### WORK INSTRUCTION
Please return only the lines from the one showing "Замшевые ботинки челси" to the end of the entries, keeping both ends and dropping every picture.
─── RECORD SET ───
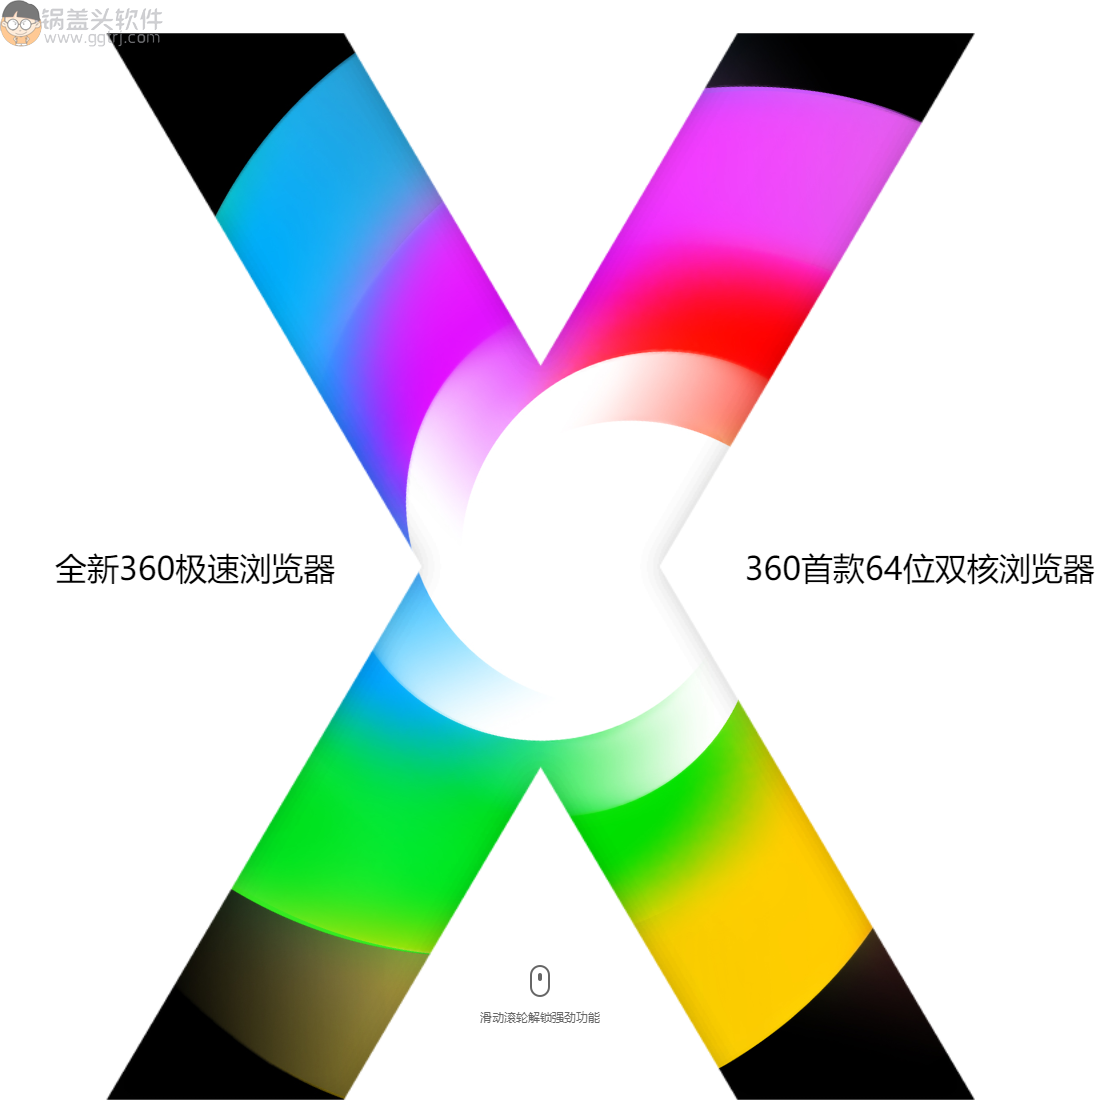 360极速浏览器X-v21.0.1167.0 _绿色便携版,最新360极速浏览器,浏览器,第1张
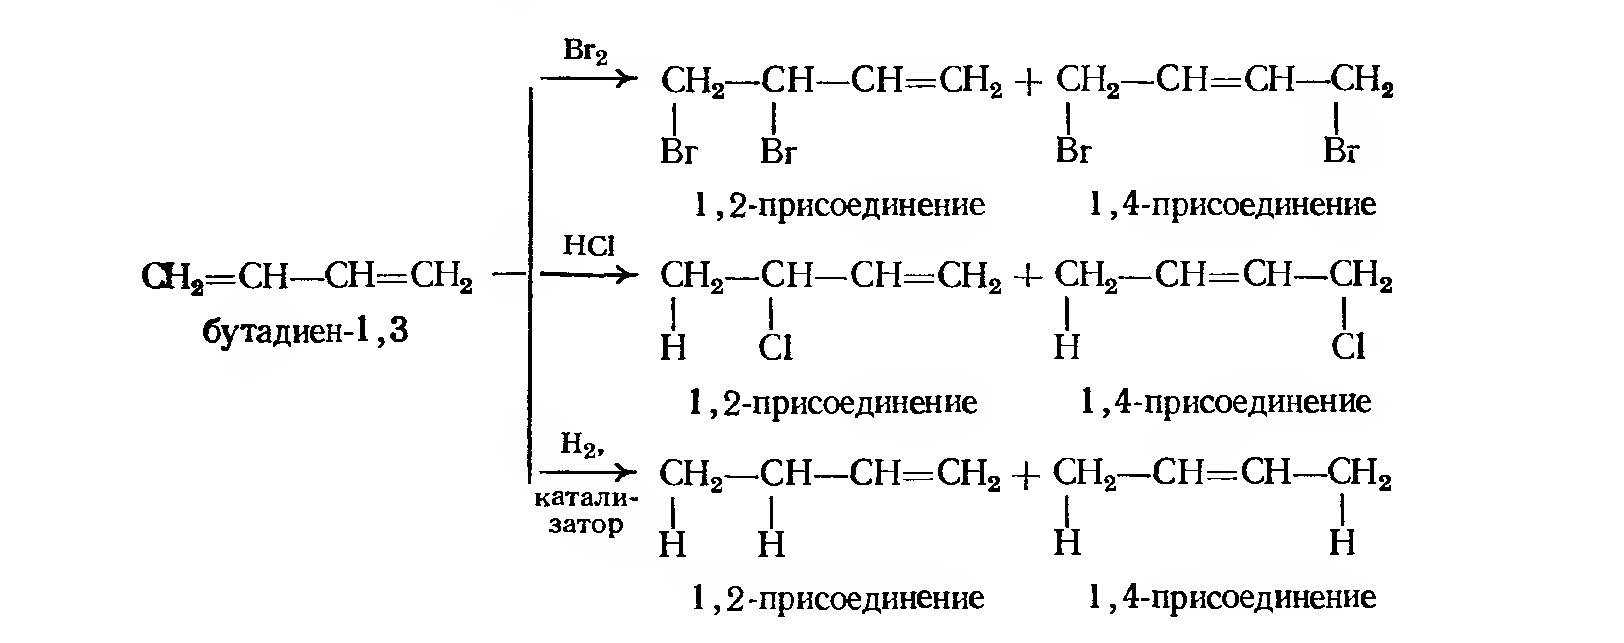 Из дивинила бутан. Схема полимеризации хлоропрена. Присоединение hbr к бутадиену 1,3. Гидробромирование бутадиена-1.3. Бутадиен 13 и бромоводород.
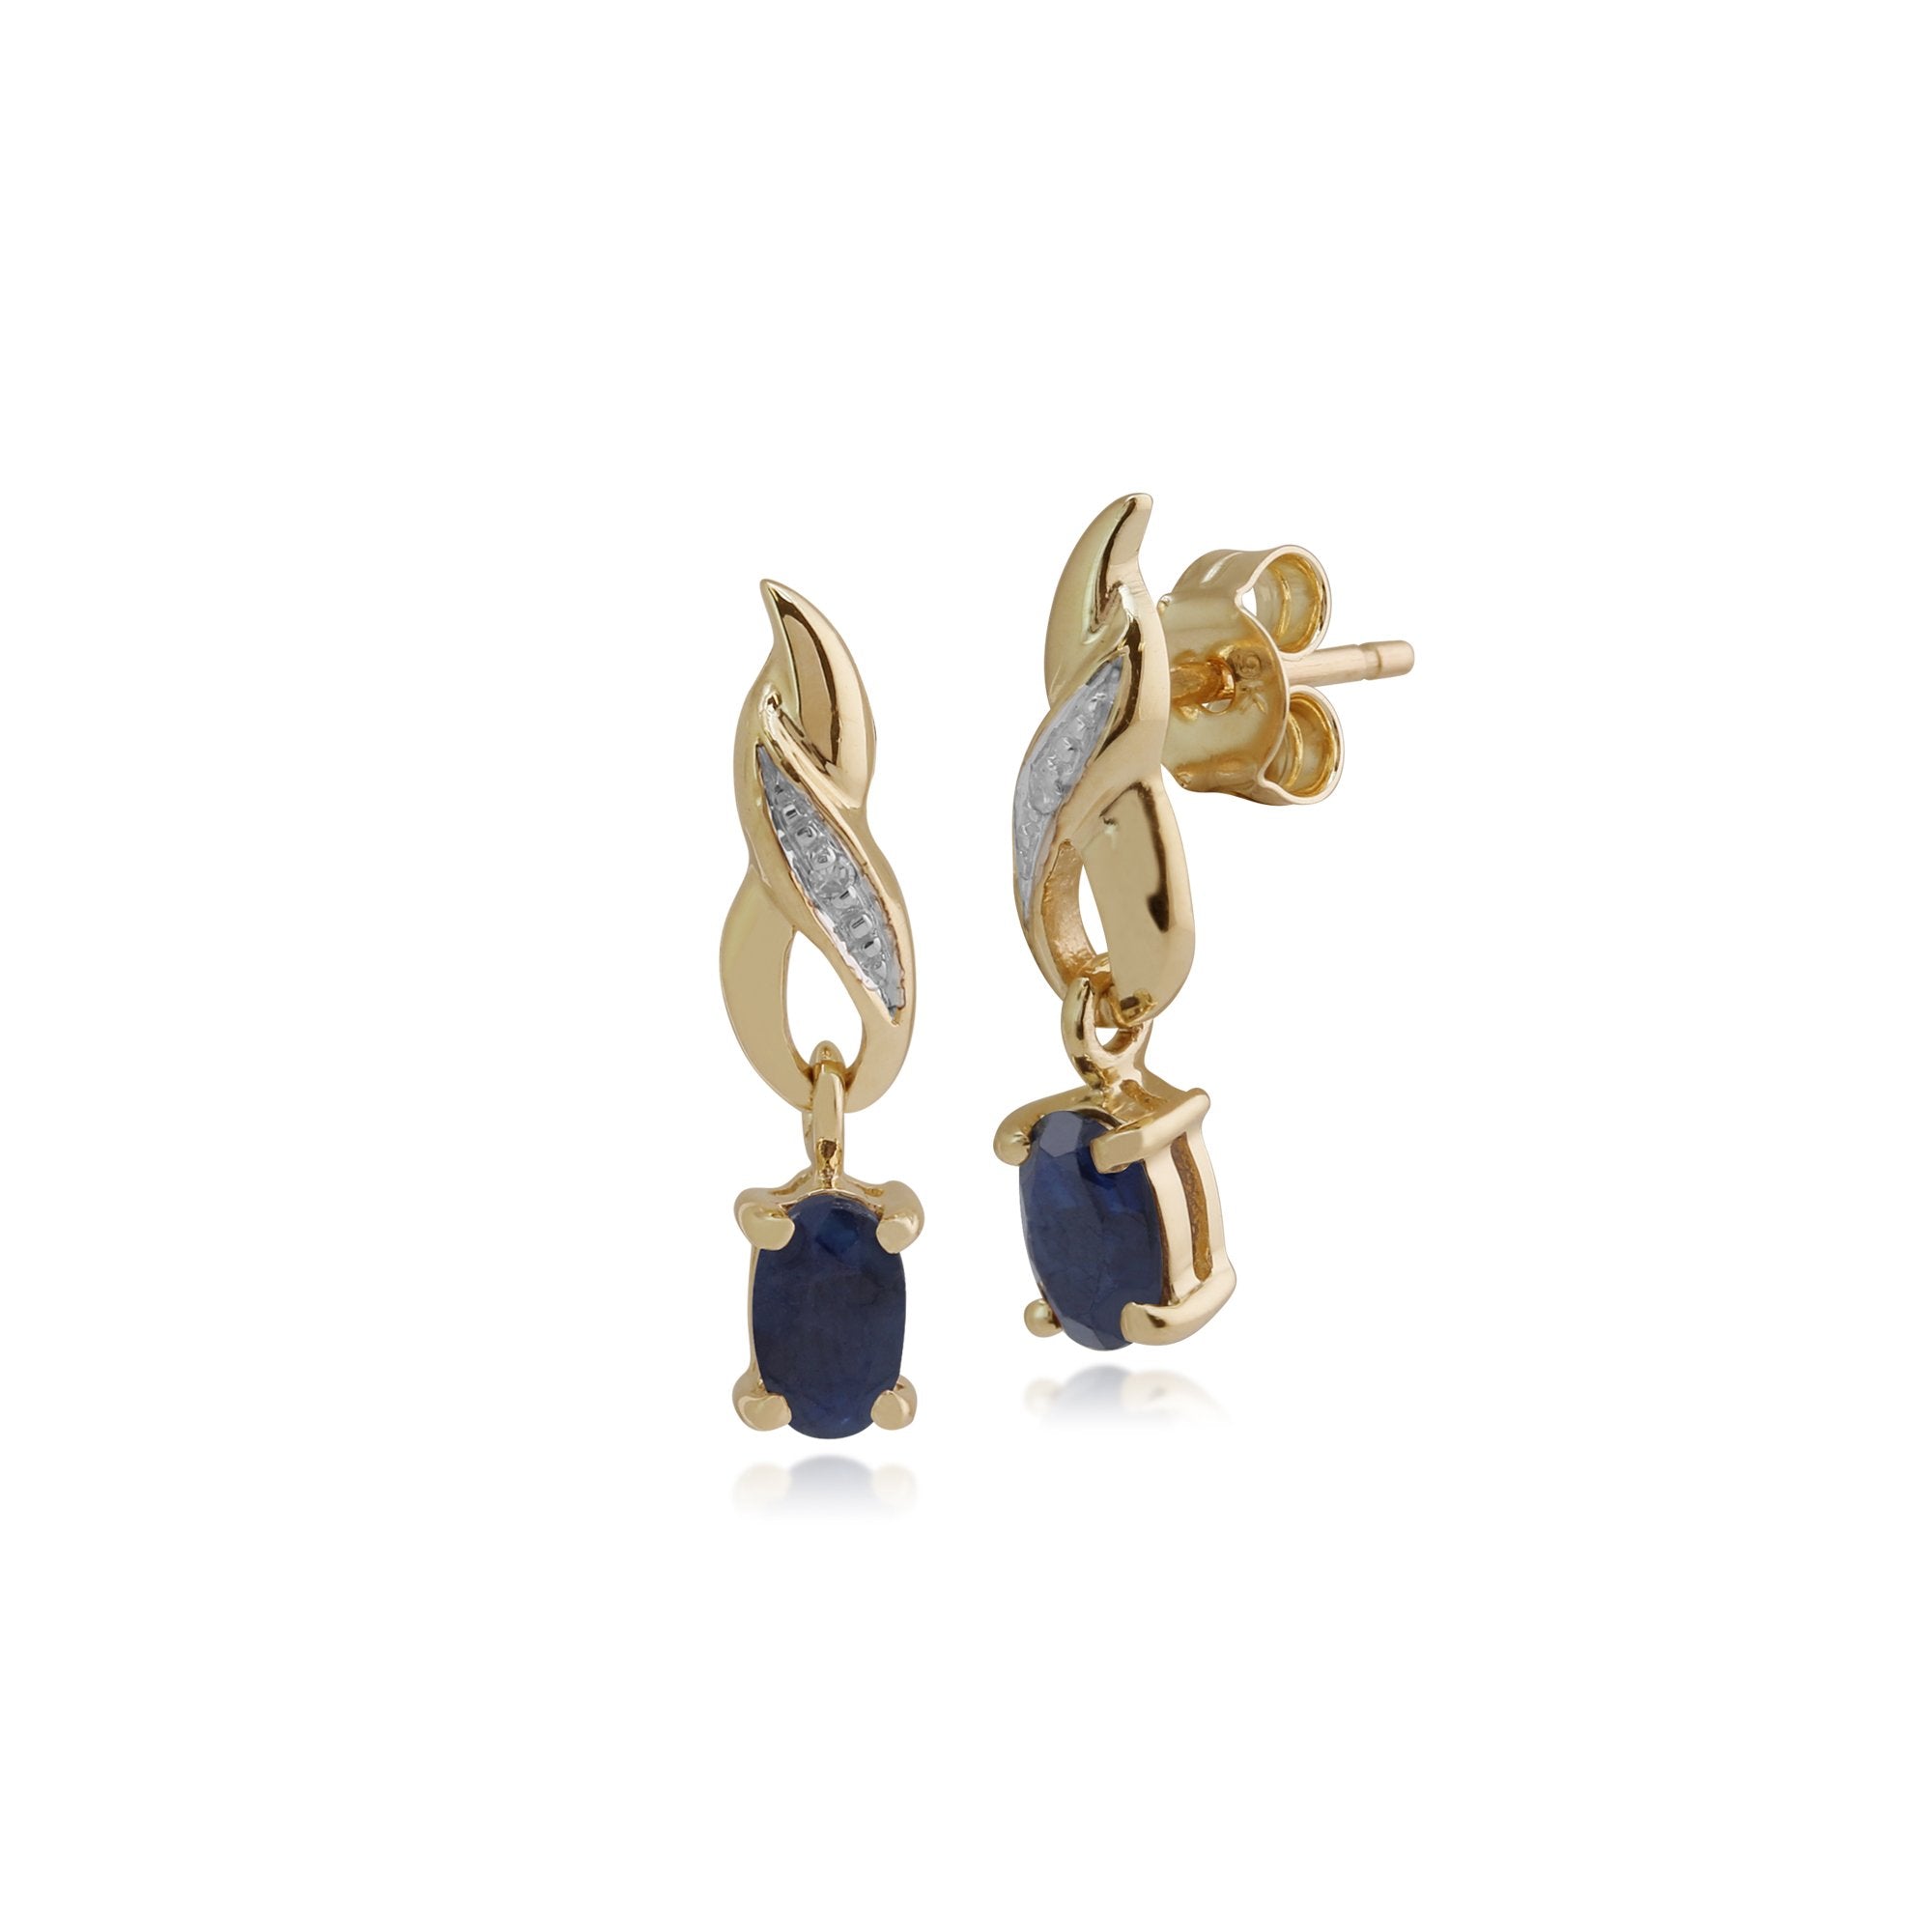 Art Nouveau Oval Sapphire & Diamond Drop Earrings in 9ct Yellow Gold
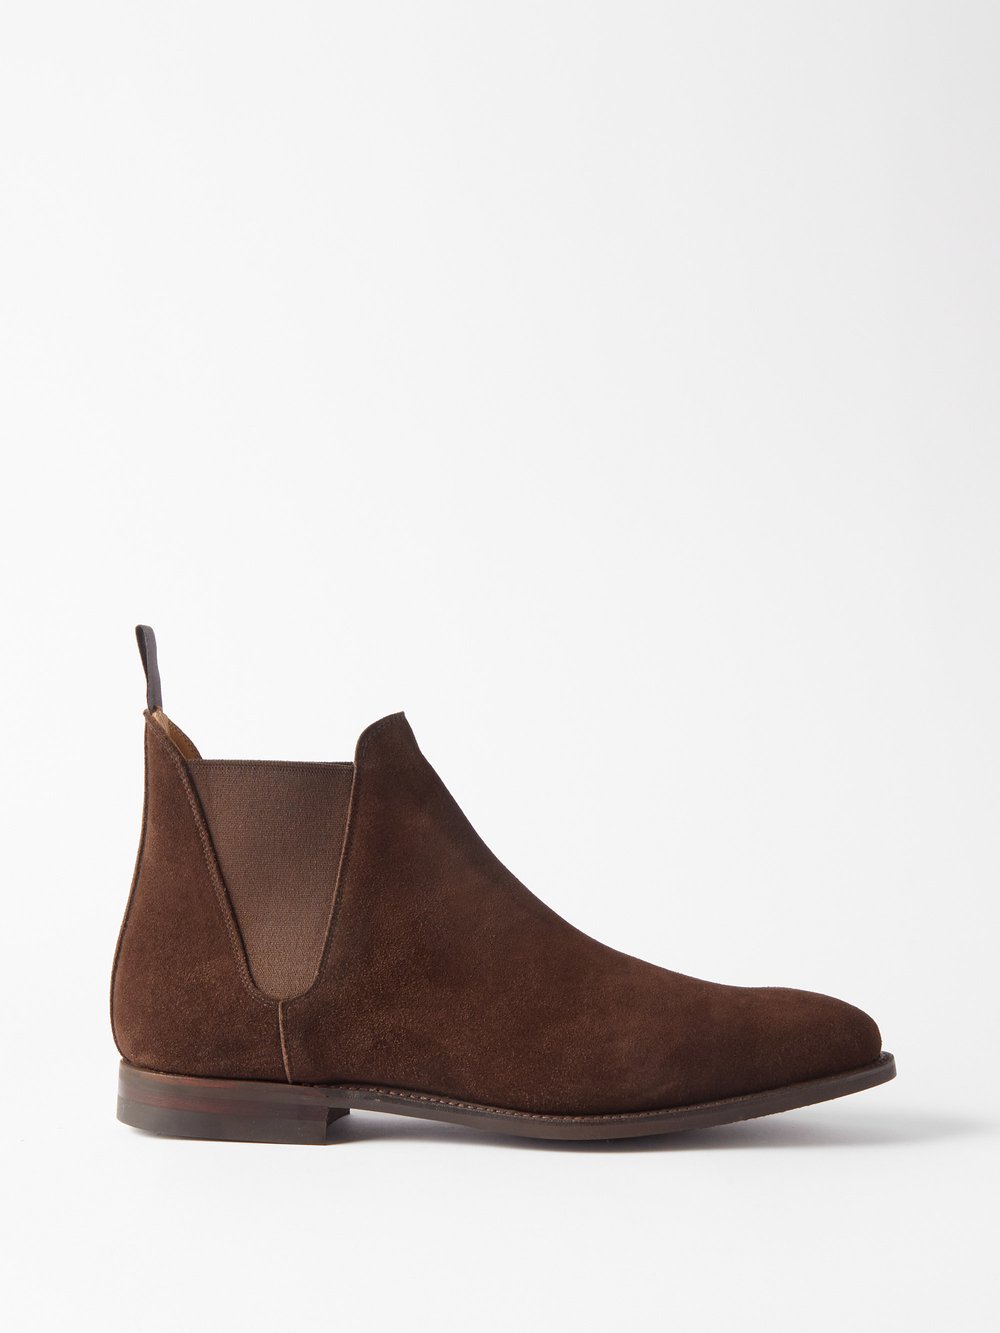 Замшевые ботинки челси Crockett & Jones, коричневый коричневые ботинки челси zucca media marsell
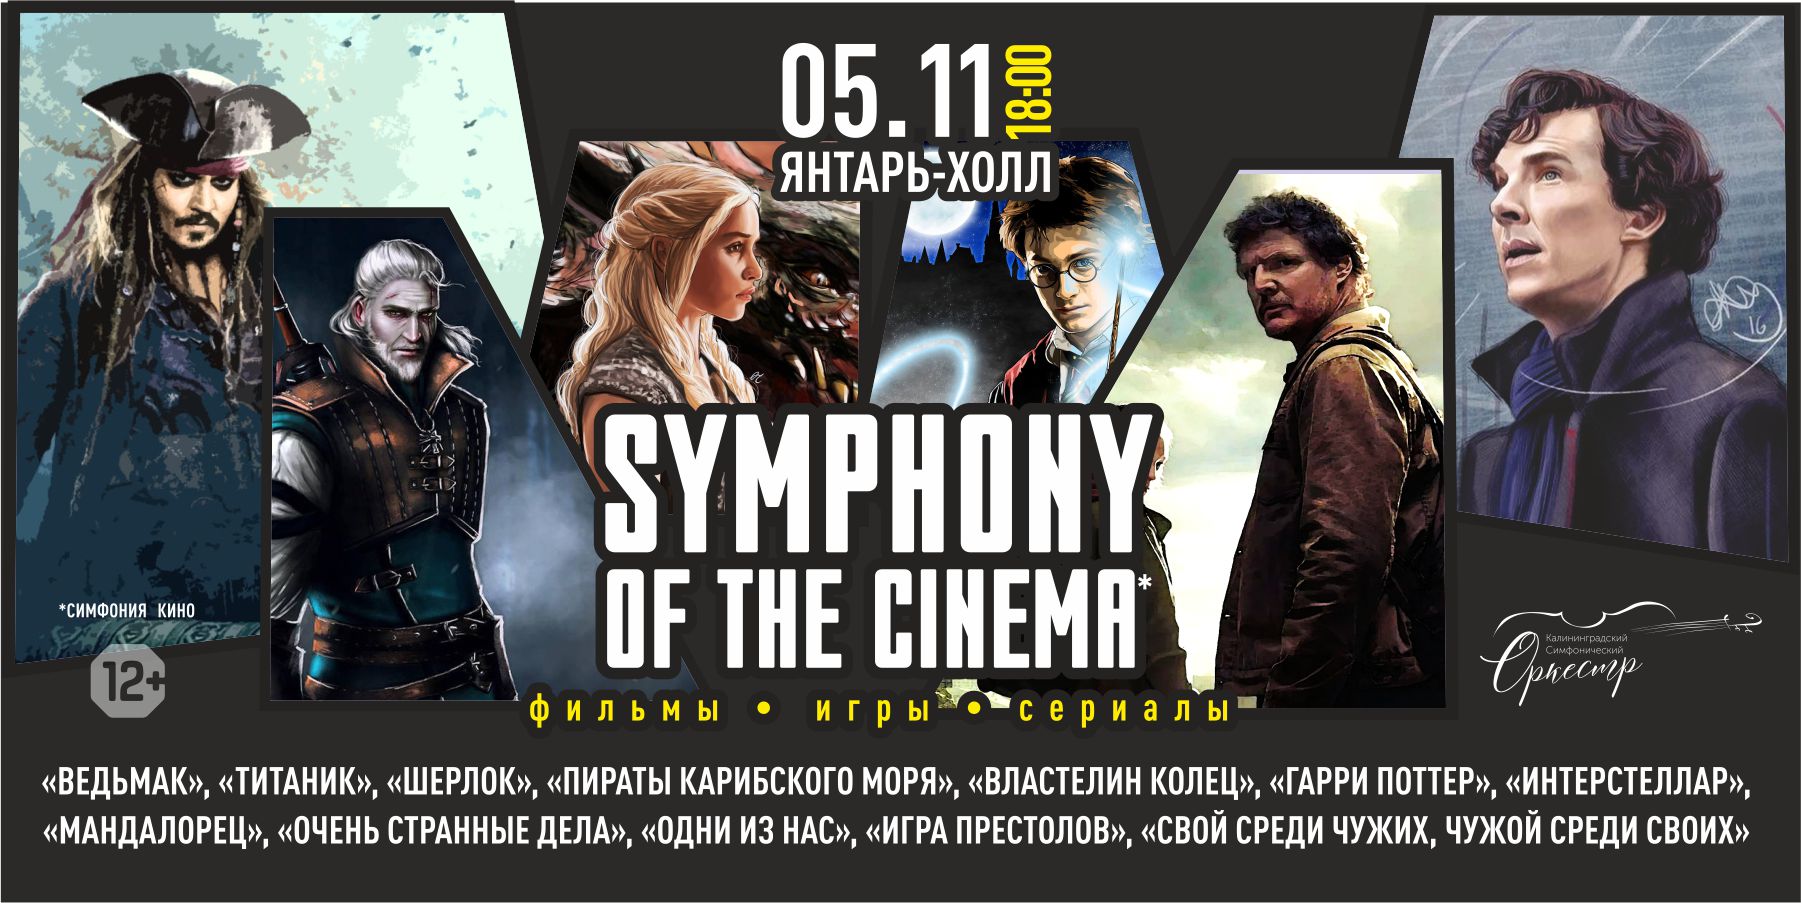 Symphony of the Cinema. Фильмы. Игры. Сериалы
───
### TASK RESULT
 Замшевые ботинки челси Crockett & Jones, коричневый коричневые ботинки челси zucca media marsell
 Symphony of the Cinema. Фильмы. Игры. Сериалы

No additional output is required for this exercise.